15

Una mujer hablaba en idish en la penumbra. Hablaba con el acento gutural de Europa del Este, pero Rachel Jansen la entendía perfectamente. La habría entendido aunque no supiera idish, porque la desesperanza no necesita traducción.

Todas las mujeres de la cuadra se acurrucaban en círculo en torno de una vela tapada por una lata. Estaban acuclilladas como penitentes en un templo sombrío. La luz de la vela no suavizaba los rostros pálidos, envejecidos prematuramente, ni penetraba en las profundas cuencas de sus ojos. Todas menos Frau Hagan llevaban el distintivo amarillo cosido a la casaca.

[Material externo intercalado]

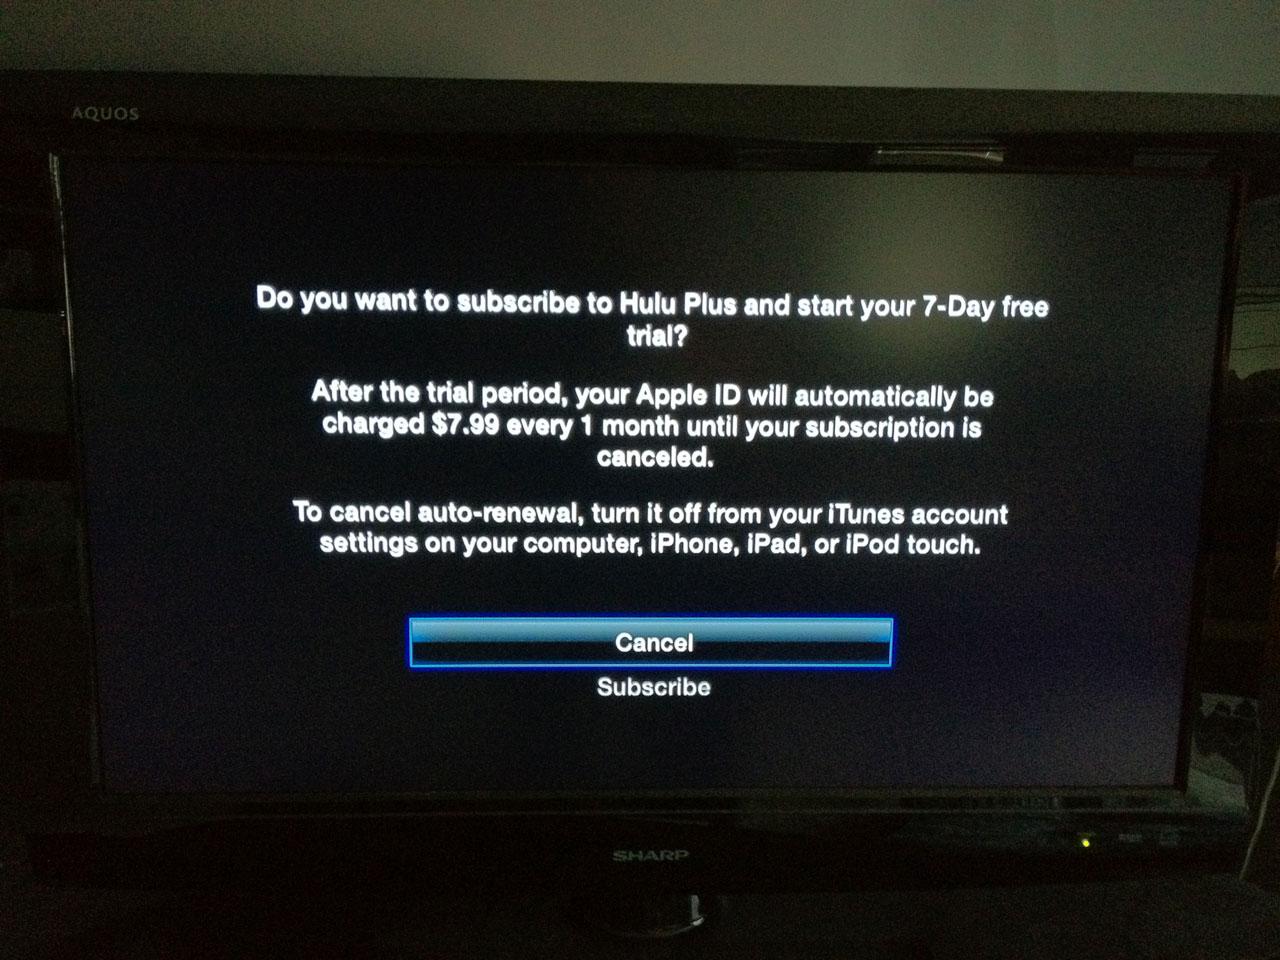 Hulu Plus Now Available on Apple TV - Mac Rumors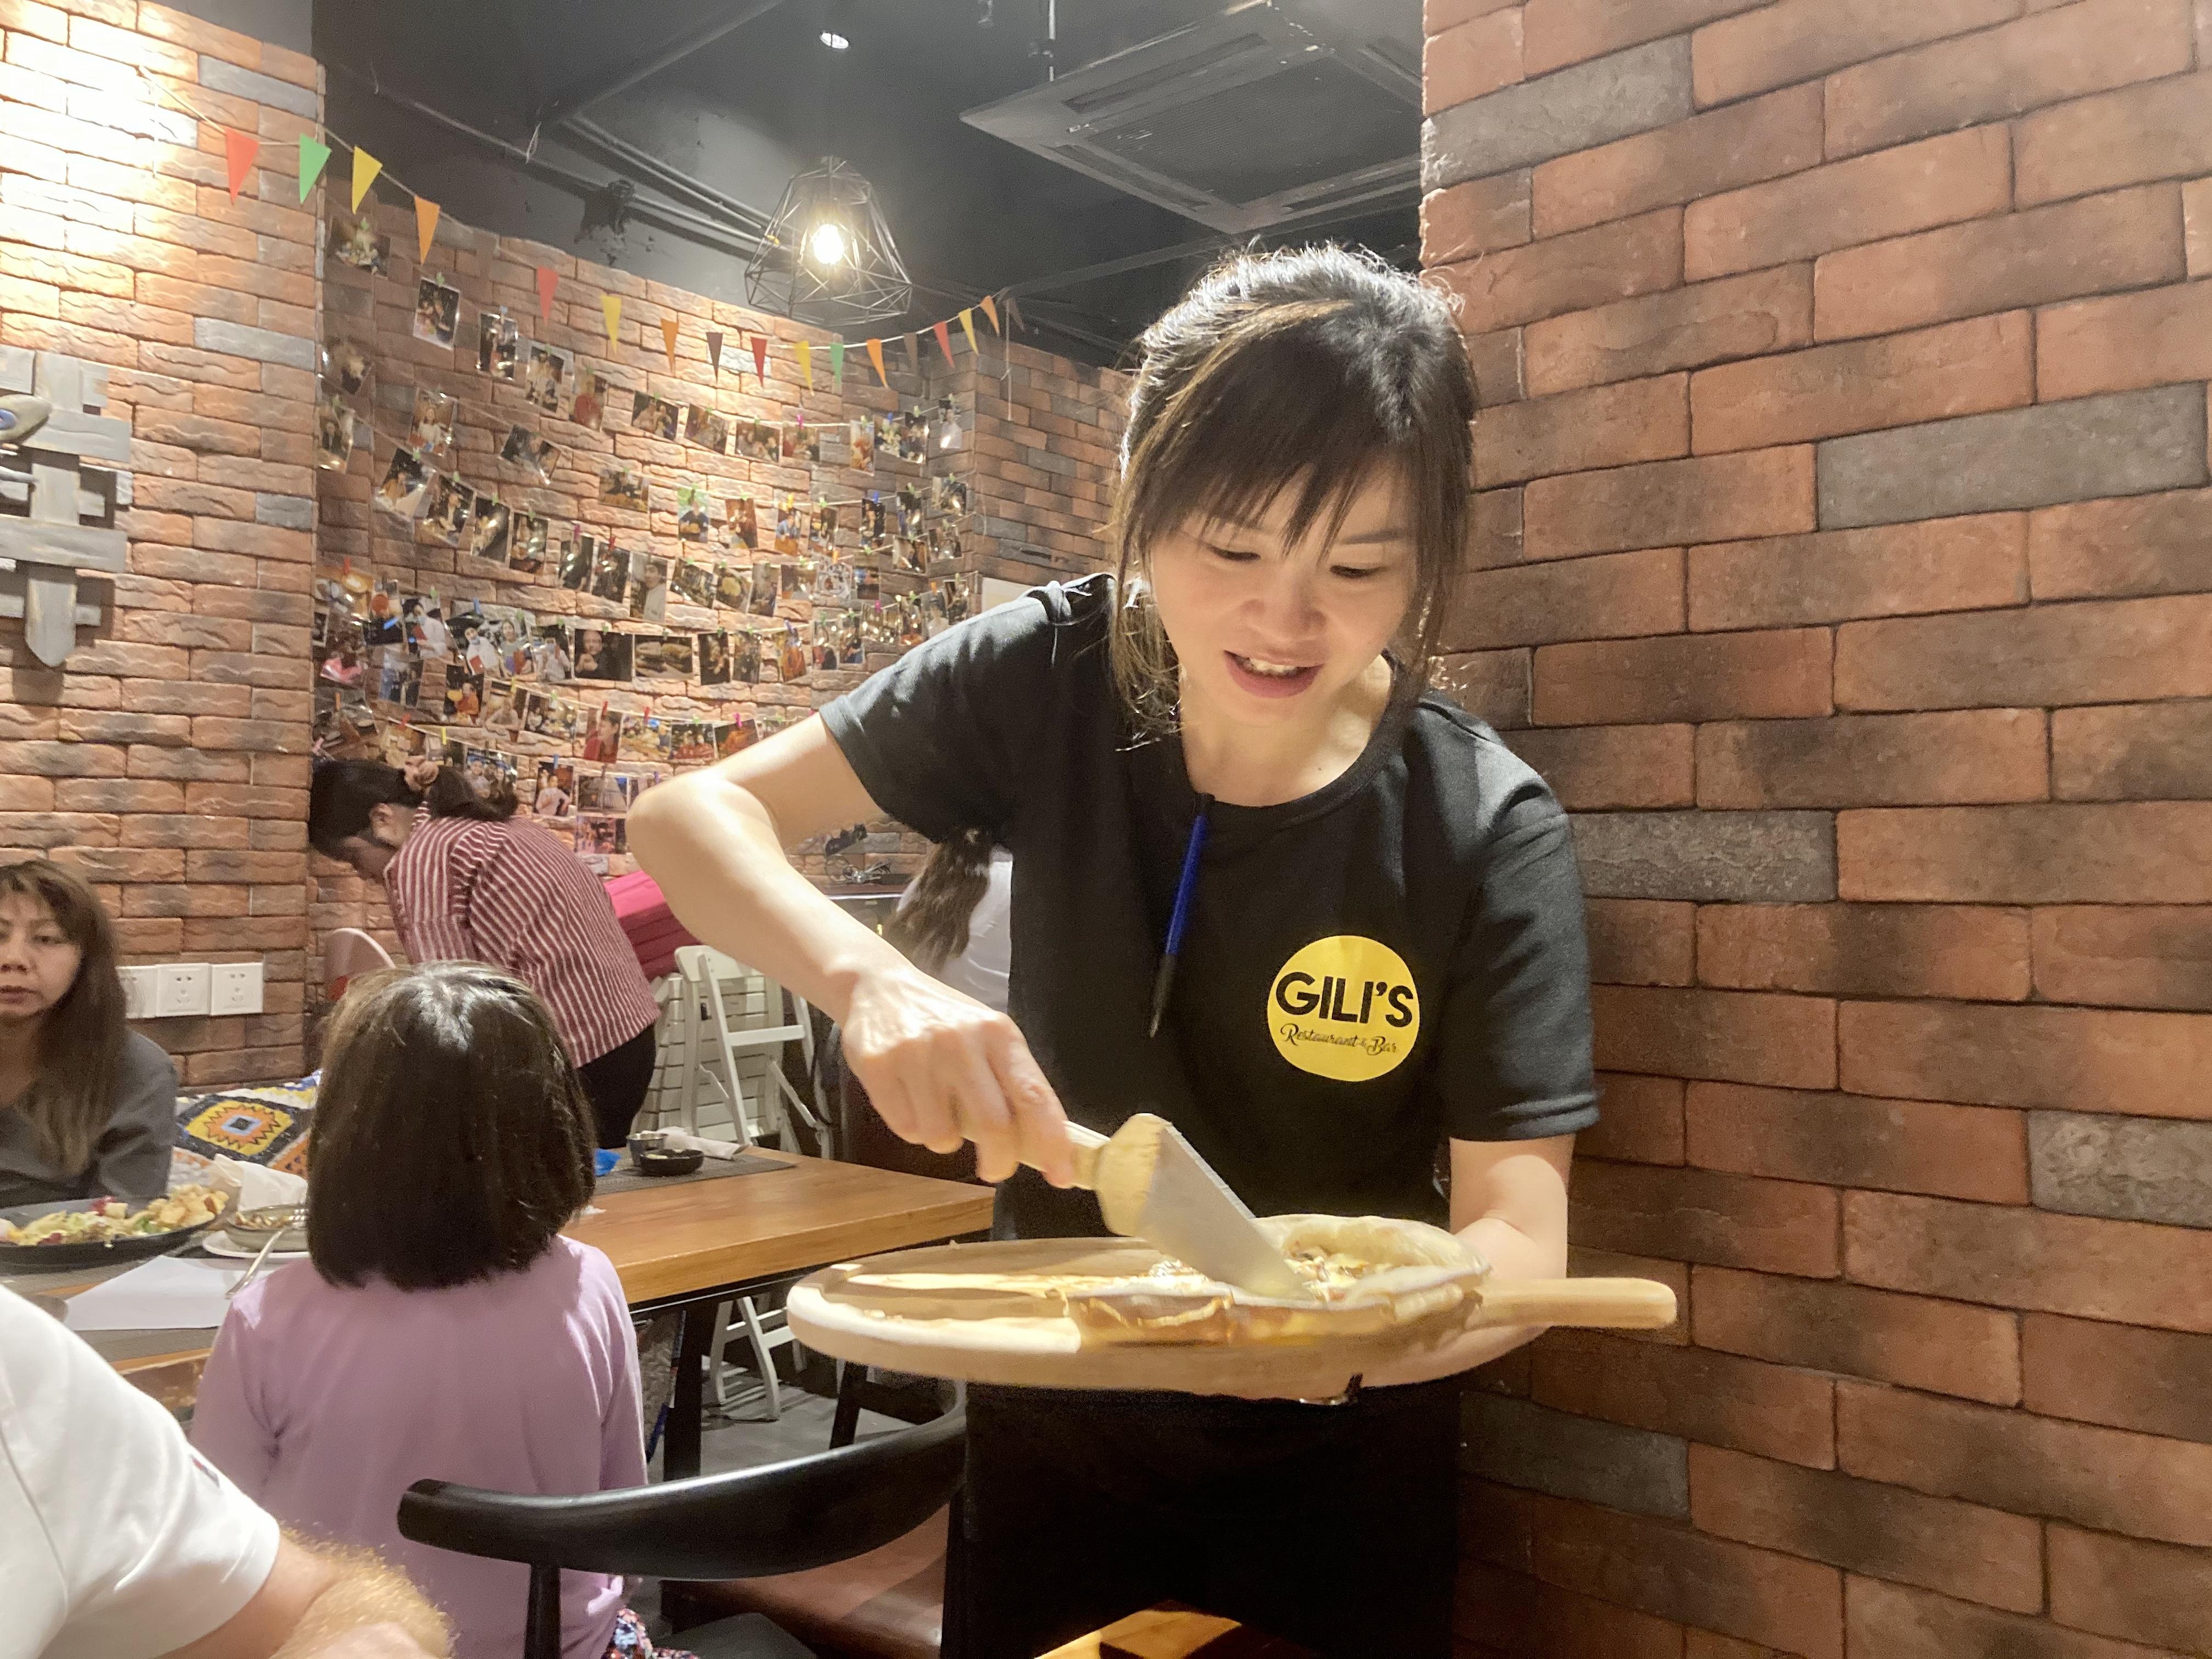 Sorriso, simpatia, empatia são engredientes especiais, toques de Chef, que nos são trazidos a mesa junto da tão sonhada pizza.

Rachel jamás había imaginado semejante ritual. Las mujeres lo llamaban der Ring, el Círculo. Todas las noches se reunían a relatar sus recuerdos, por turno. Durante el Círculo echaban a los niños de la cuadra. El motivo era fácil de comprender: las historias que se relataban les habrían provocado pesadillas, profundas depresiones, tal vez les habrían dejado huellas indelebles. Los mismos adultos tenían que esforzarse para escuchar. Pero todas las mujeres presentes llevaban cicatrices imborrables; ningún relato ajeno podía ser más doloroso. Y al menos podían contar sus propios sufrimientos.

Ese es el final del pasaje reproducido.